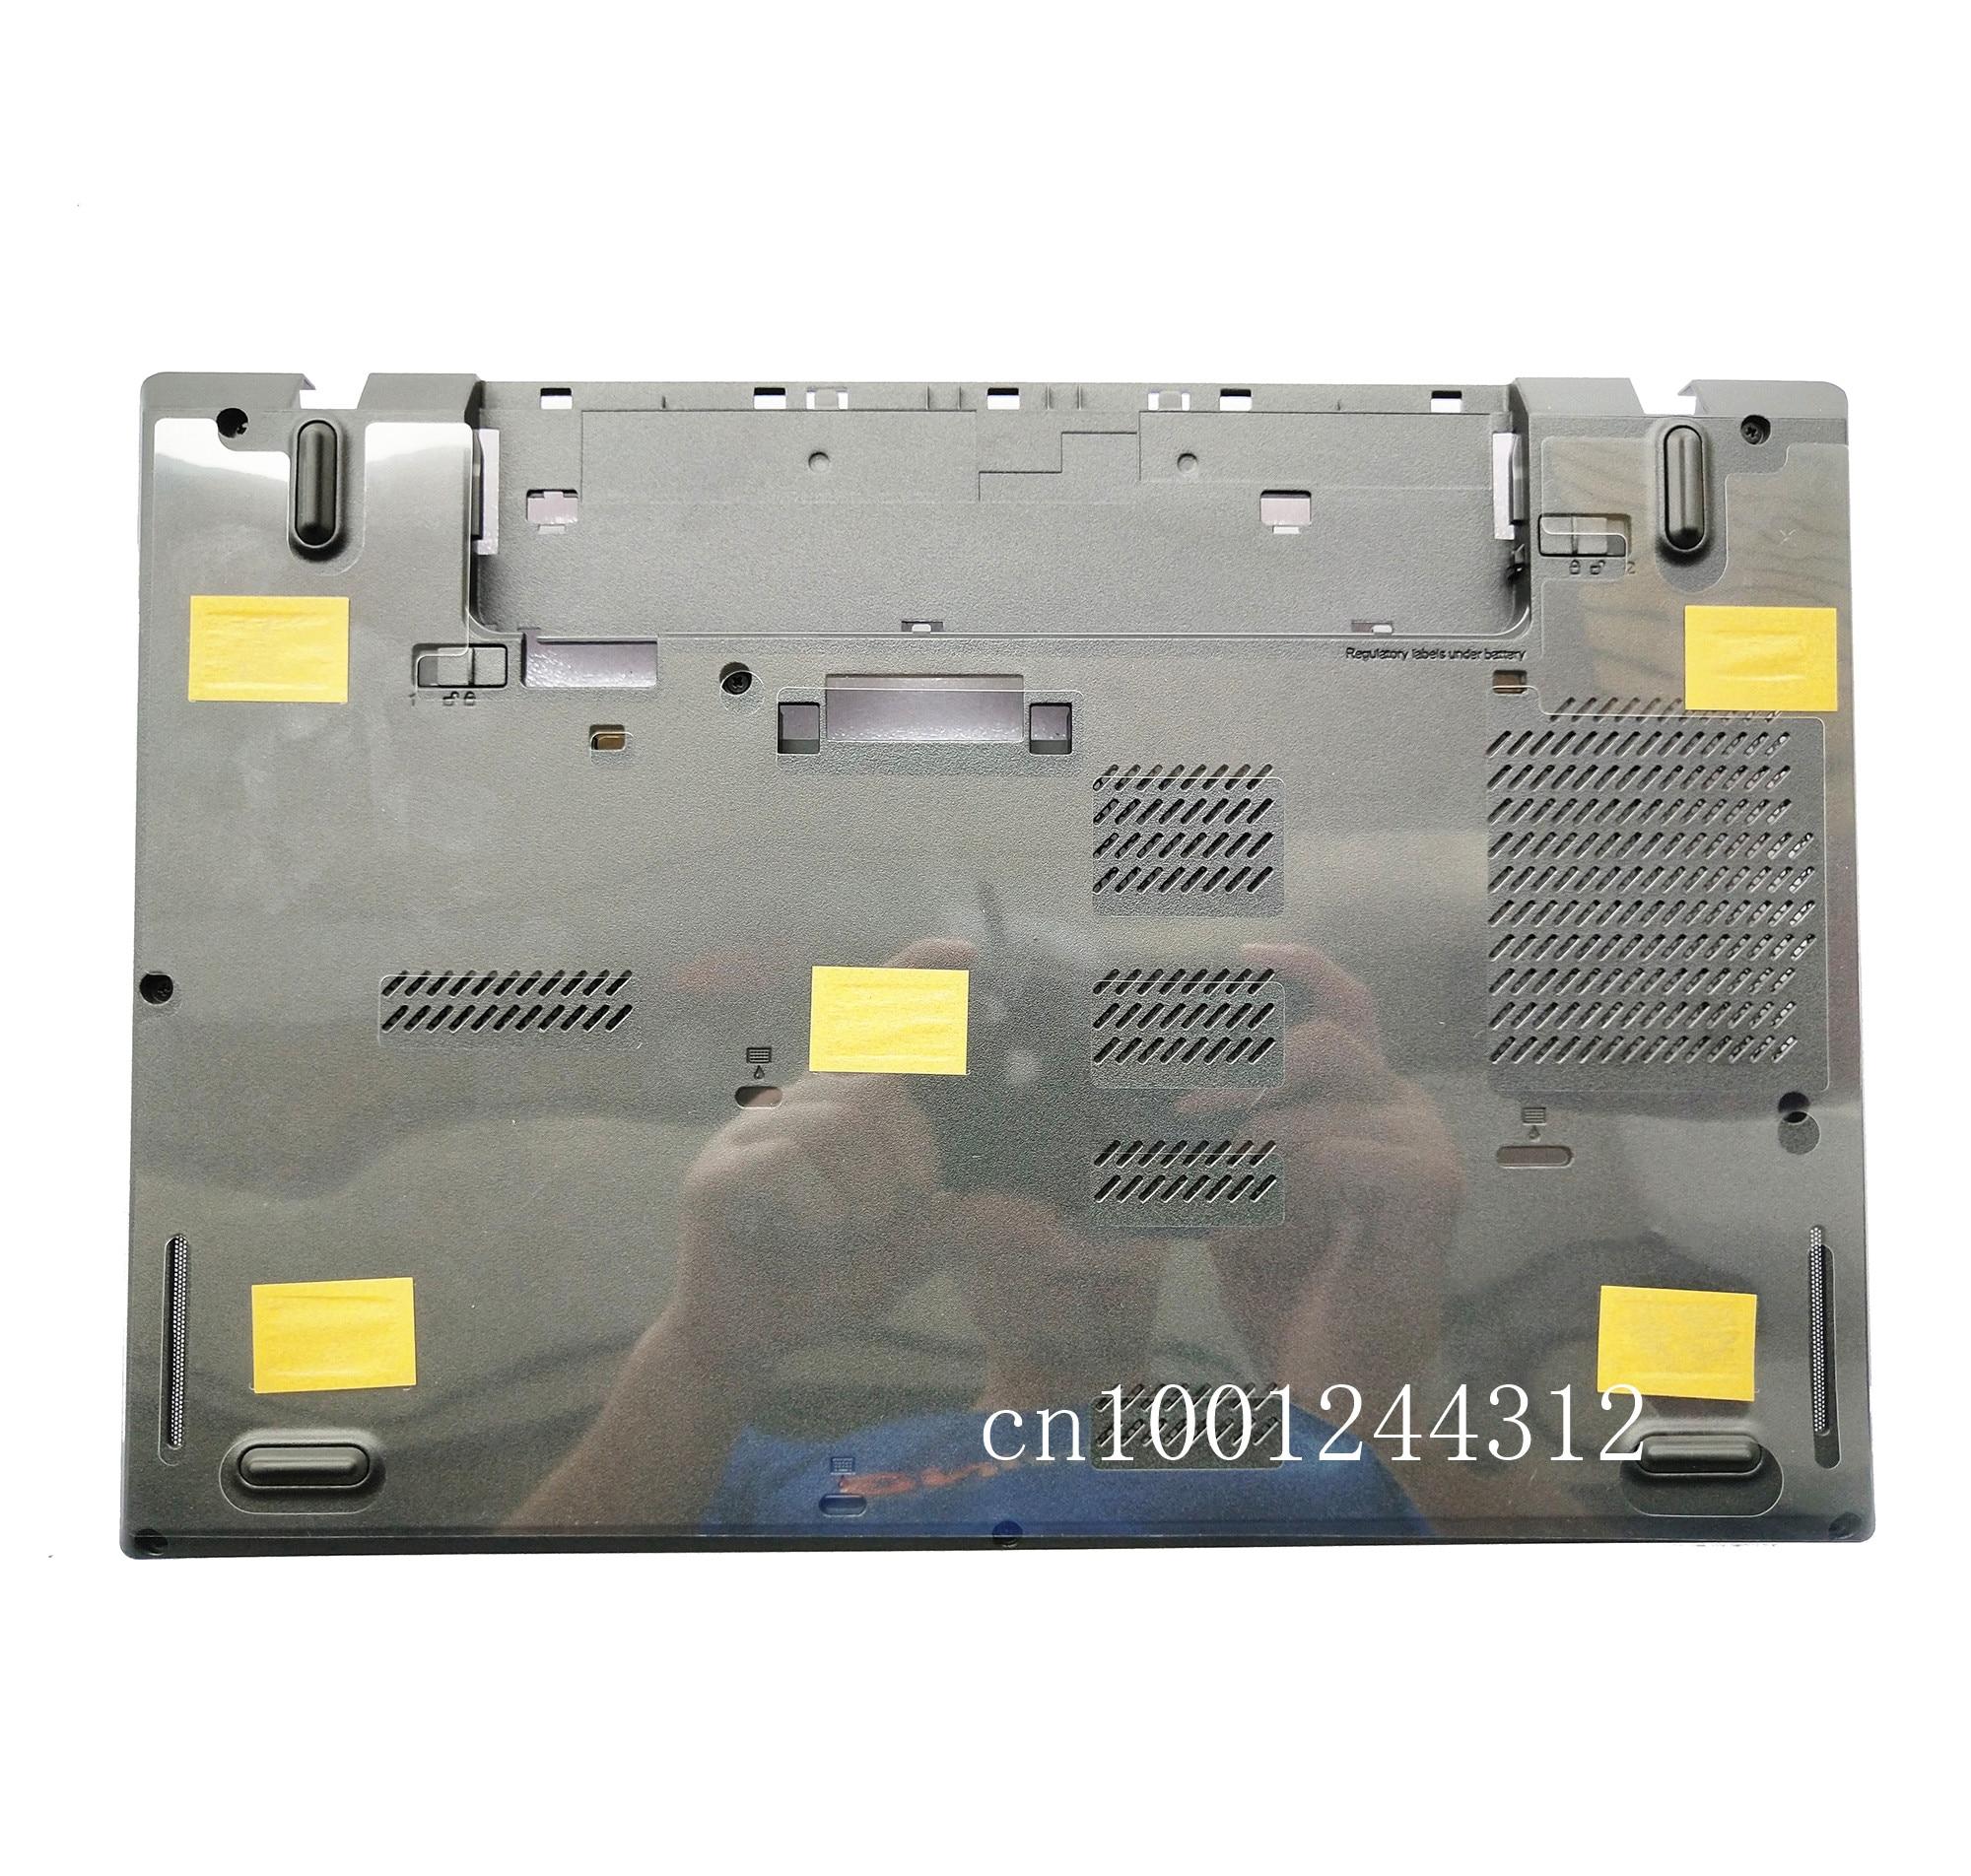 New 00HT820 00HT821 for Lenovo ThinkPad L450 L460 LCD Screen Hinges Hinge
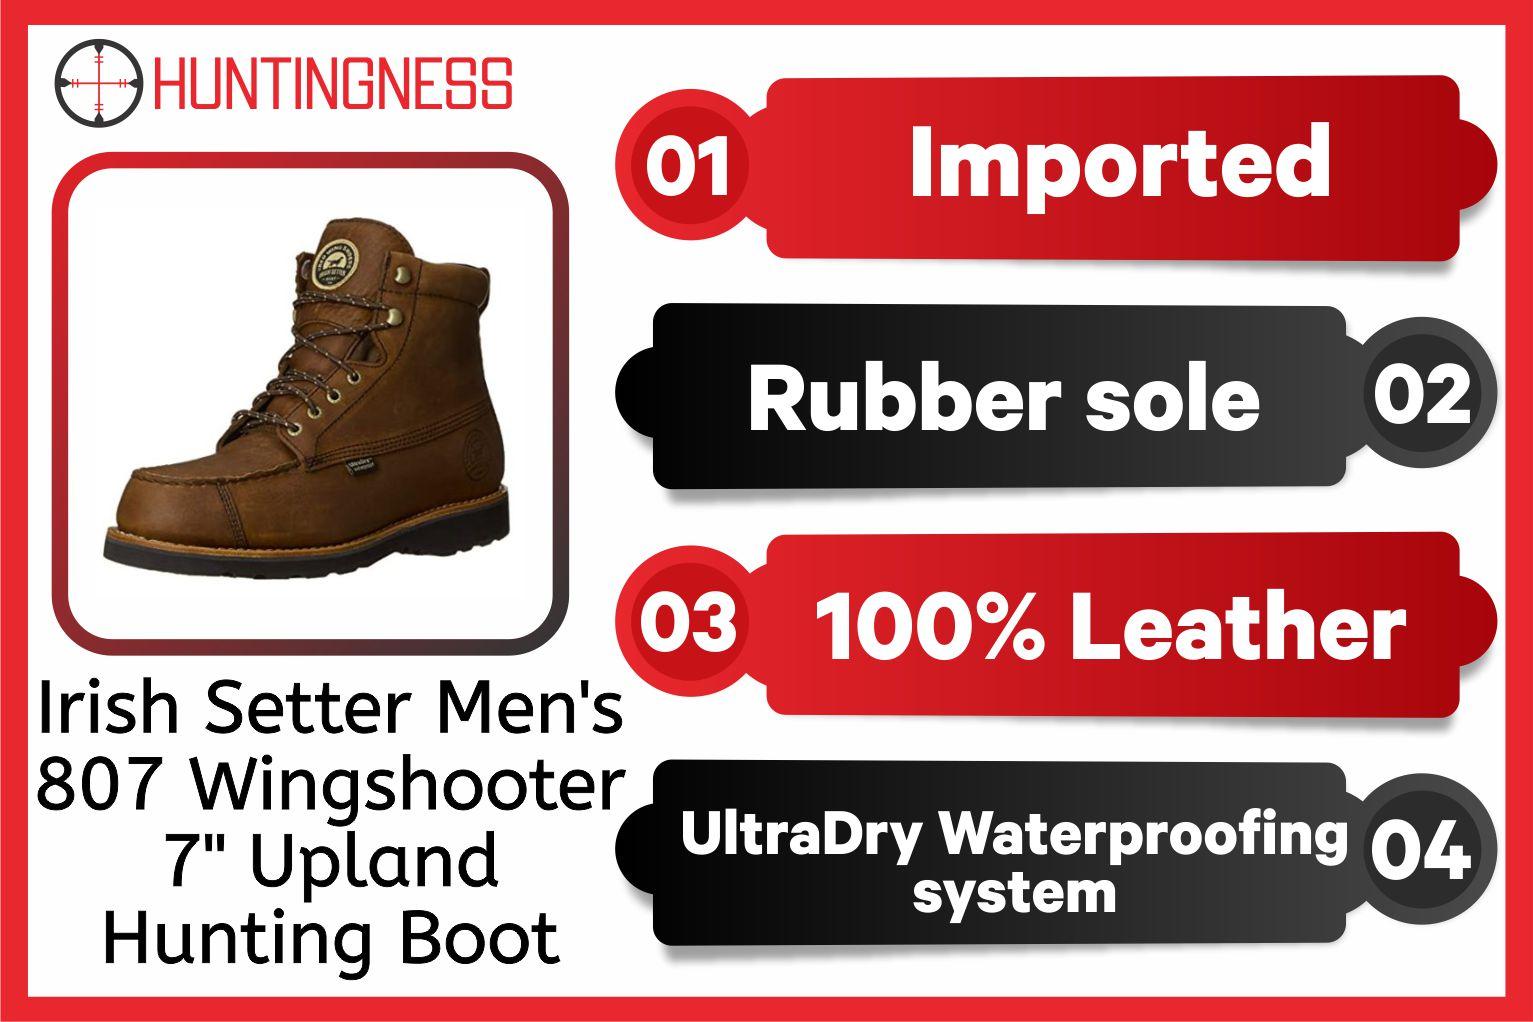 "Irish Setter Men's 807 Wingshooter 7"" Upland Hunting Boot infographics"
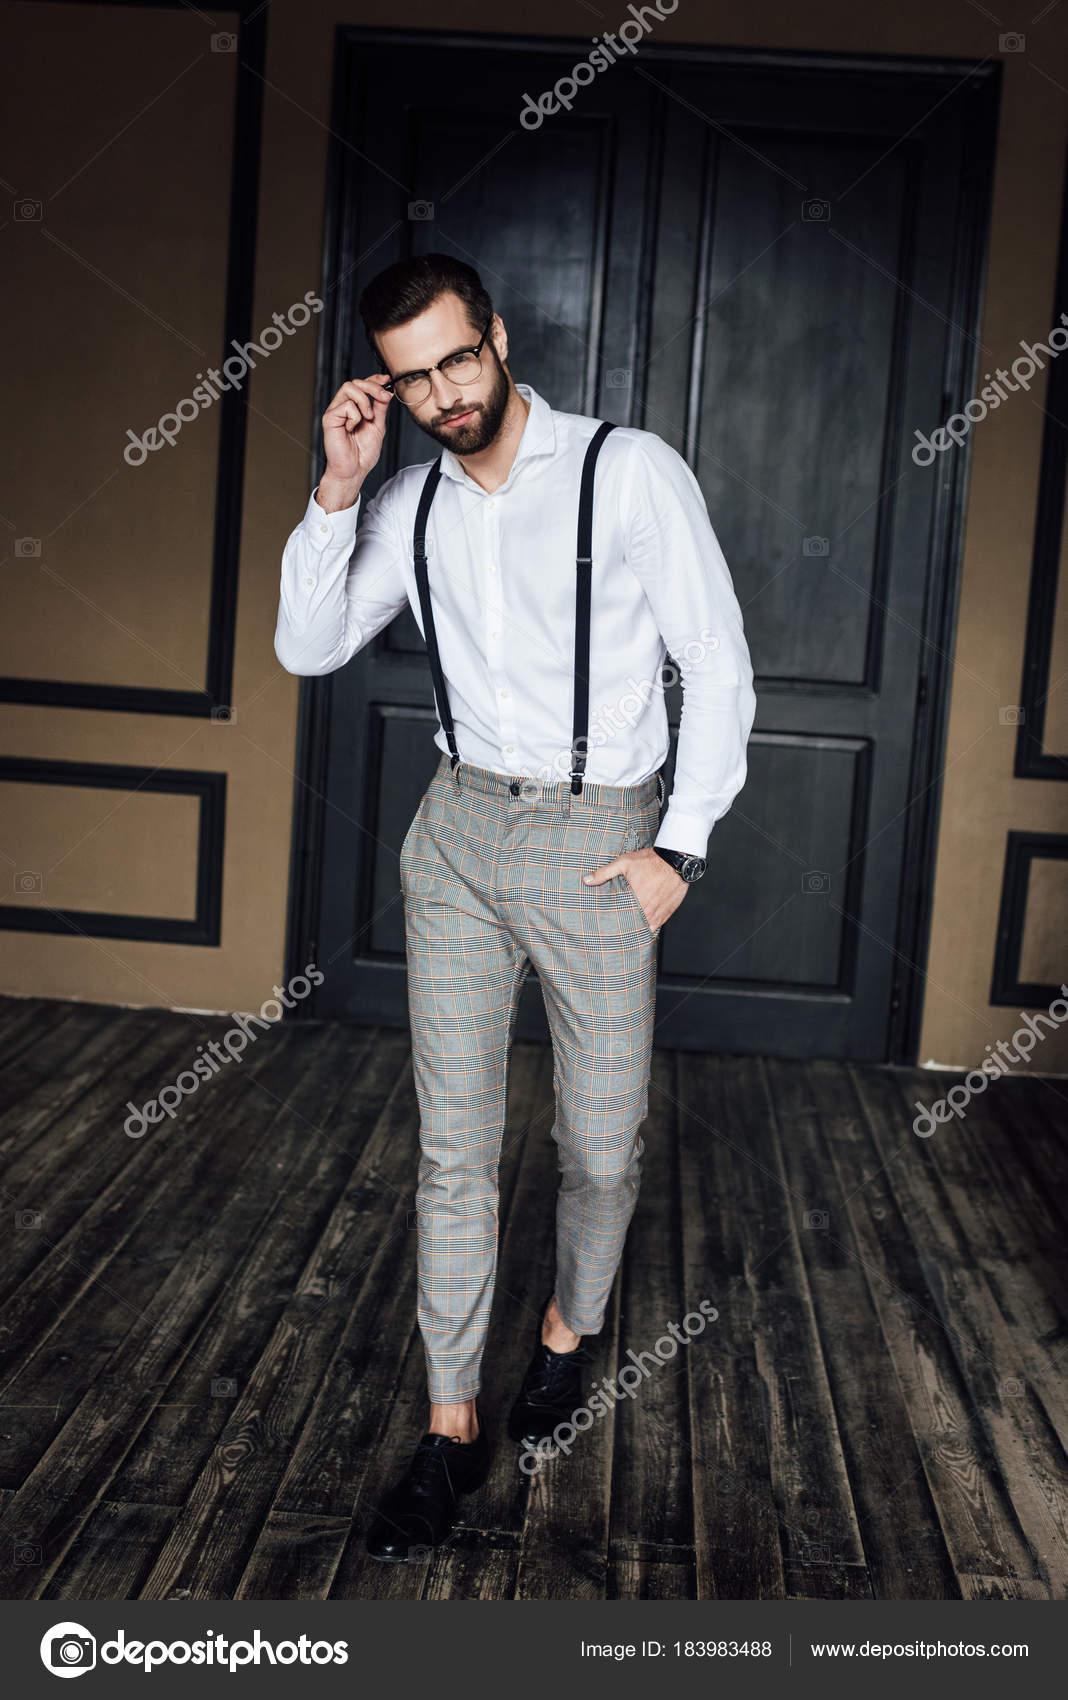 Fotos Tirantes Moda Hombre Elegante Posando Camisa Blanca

Aim of the exercise = Give again, word for word, only the lines from the line containing "Setter Men's 807" through the last line above, both included; leave the pictures out.

Written answer =
 "Irish Setter Men's 807 Wingshooter 7"" Upland Hunting Boot infographics"
 Fotos Tirantes Moda Hombre Elegante Posando Camisa Blanca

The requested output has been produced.